Data extract
━━━━
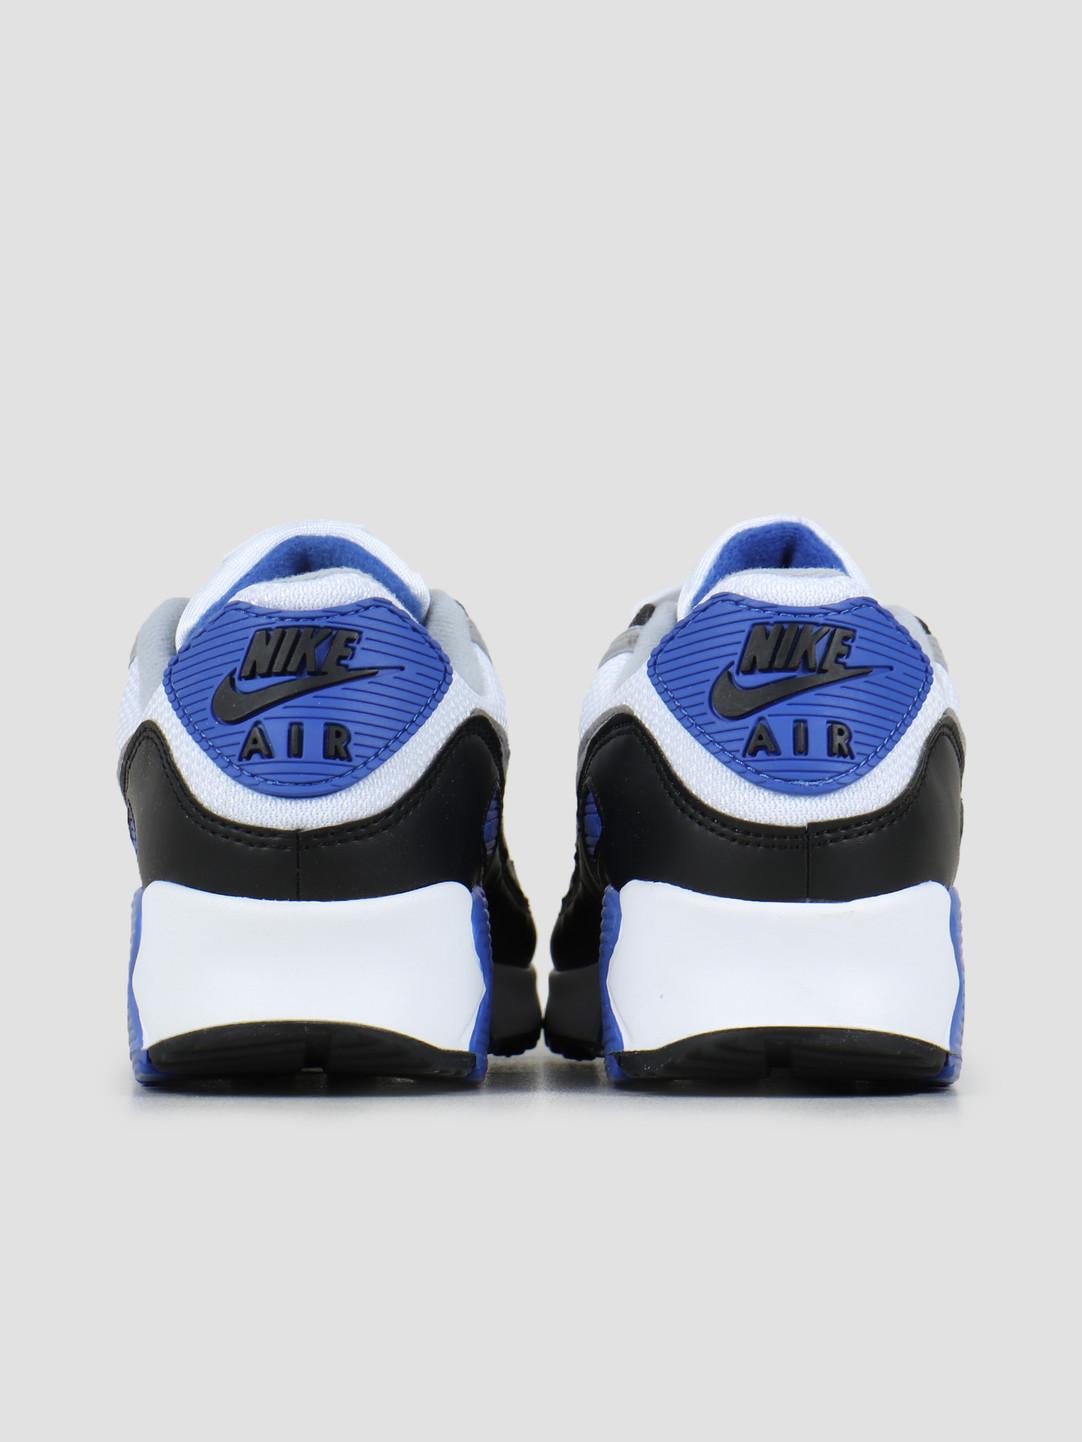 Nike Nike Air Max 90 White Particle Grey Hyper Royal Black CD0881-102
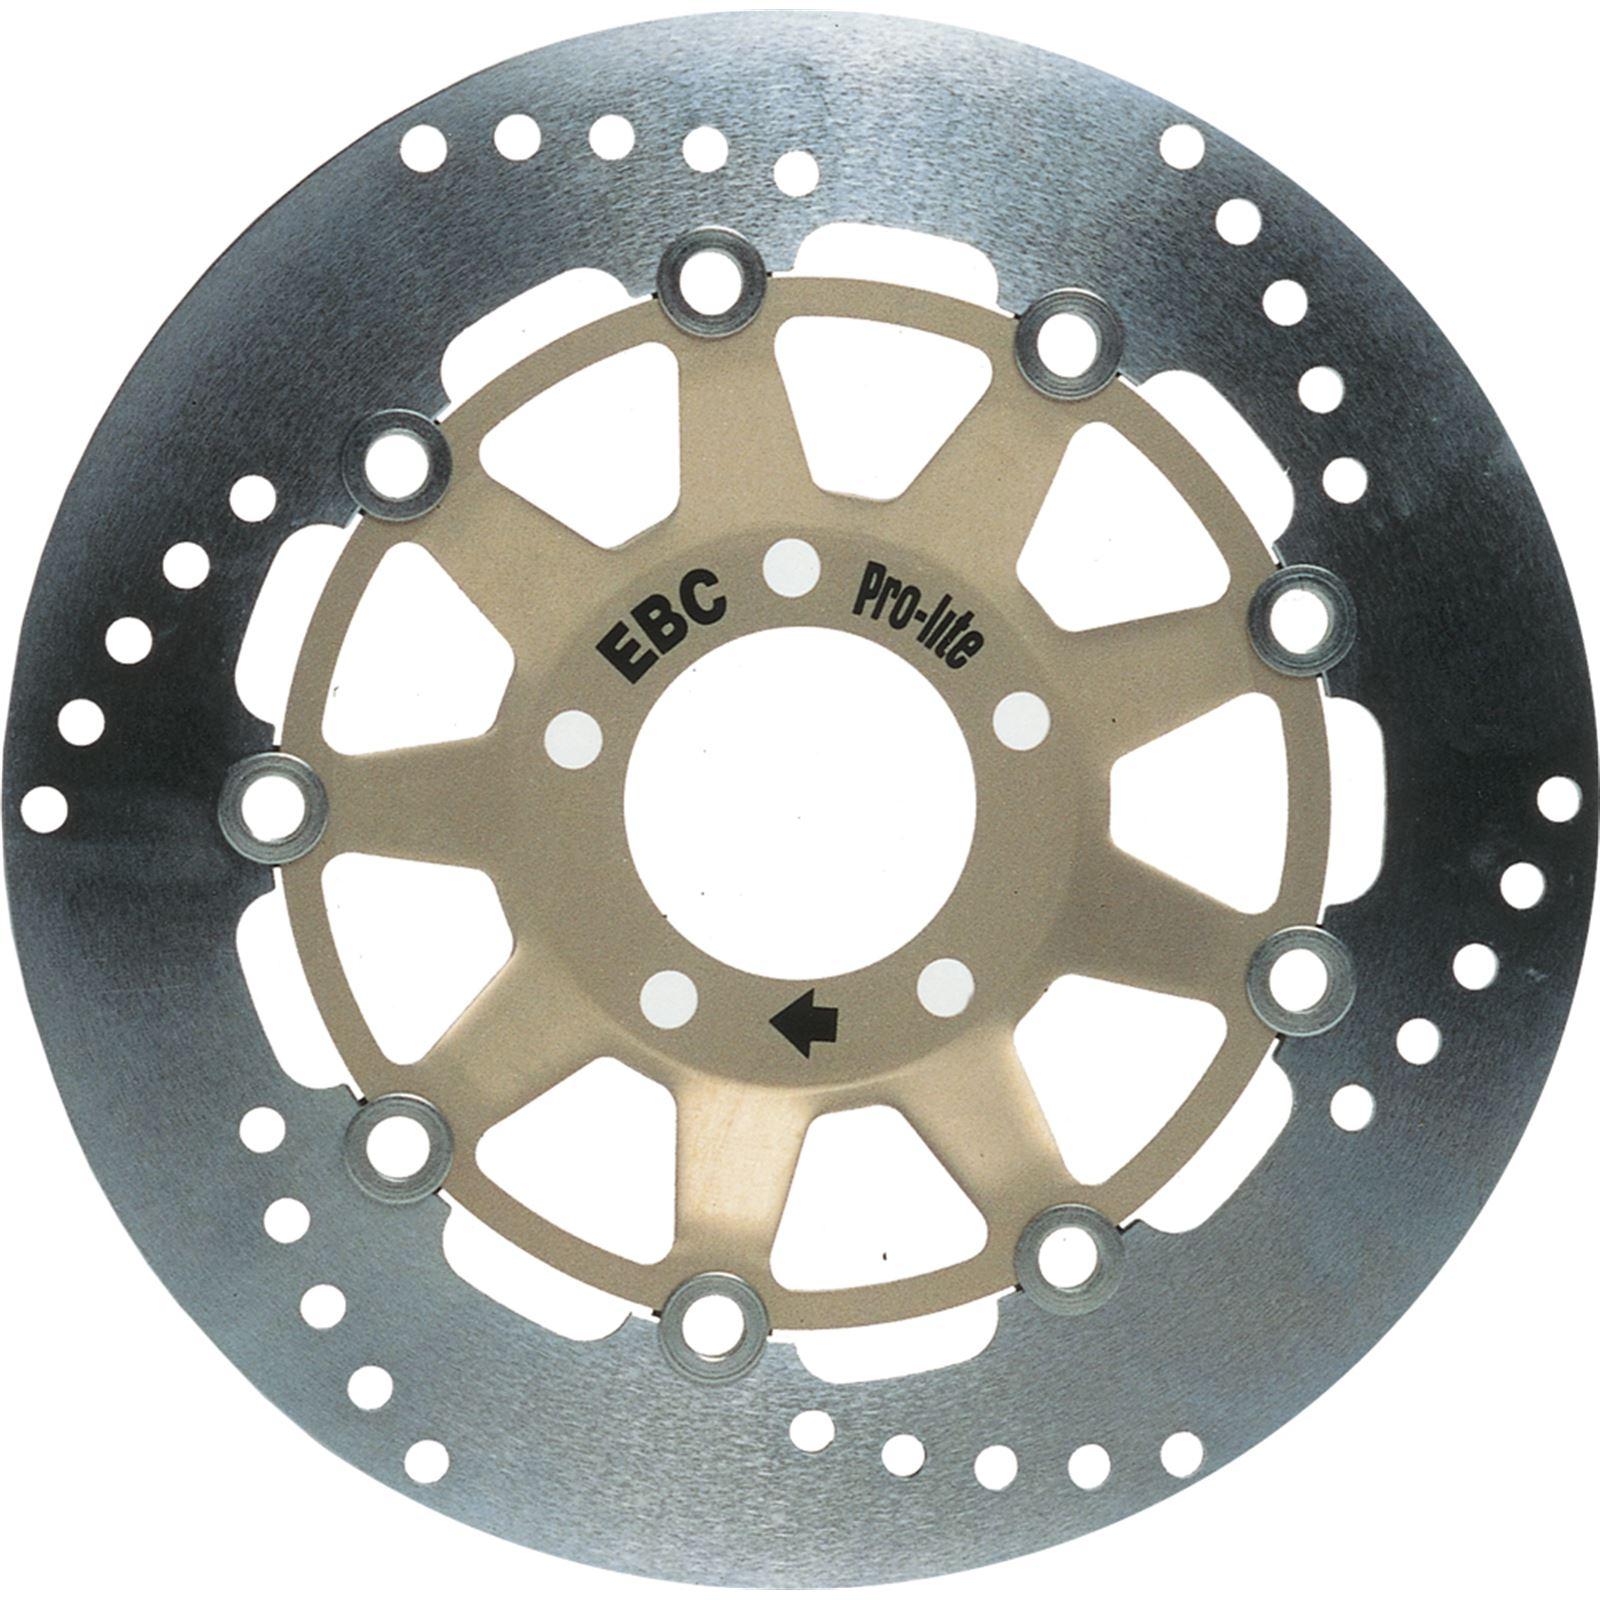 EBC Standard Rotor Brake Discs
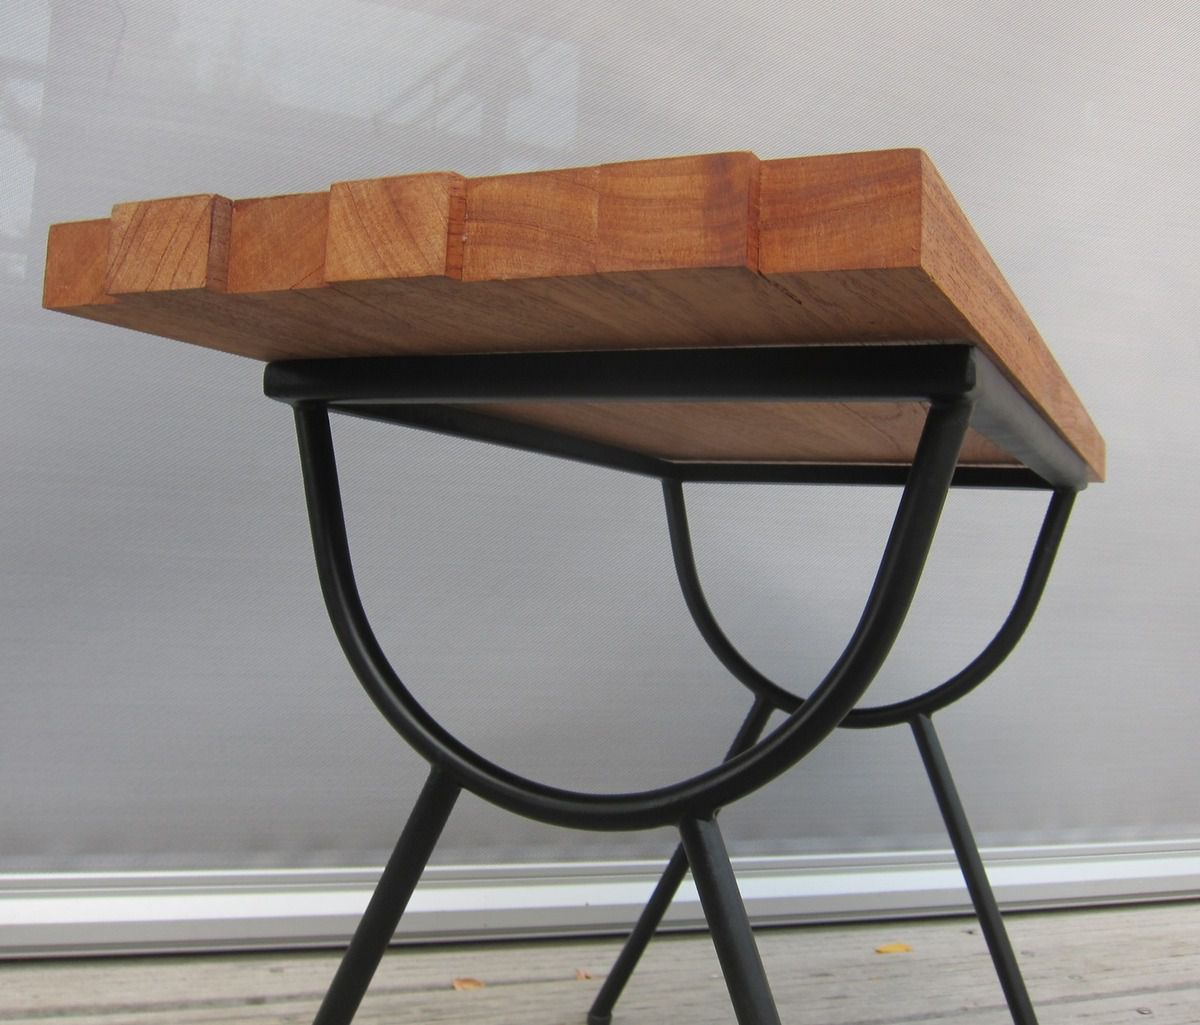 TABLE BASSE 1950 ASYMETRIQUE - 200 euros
━━━━
Exercise directions
For this exercise, write the listing out again exactly, excluding all images.

Exercise solution
 Nike Nike Air Max 90 White Particle Grey Hyper Royal Black CD0881-102
 EBC Standard Rotor Brake Discs
 TABLE BASSE 1950 ASYMETRIQUE - 200 euros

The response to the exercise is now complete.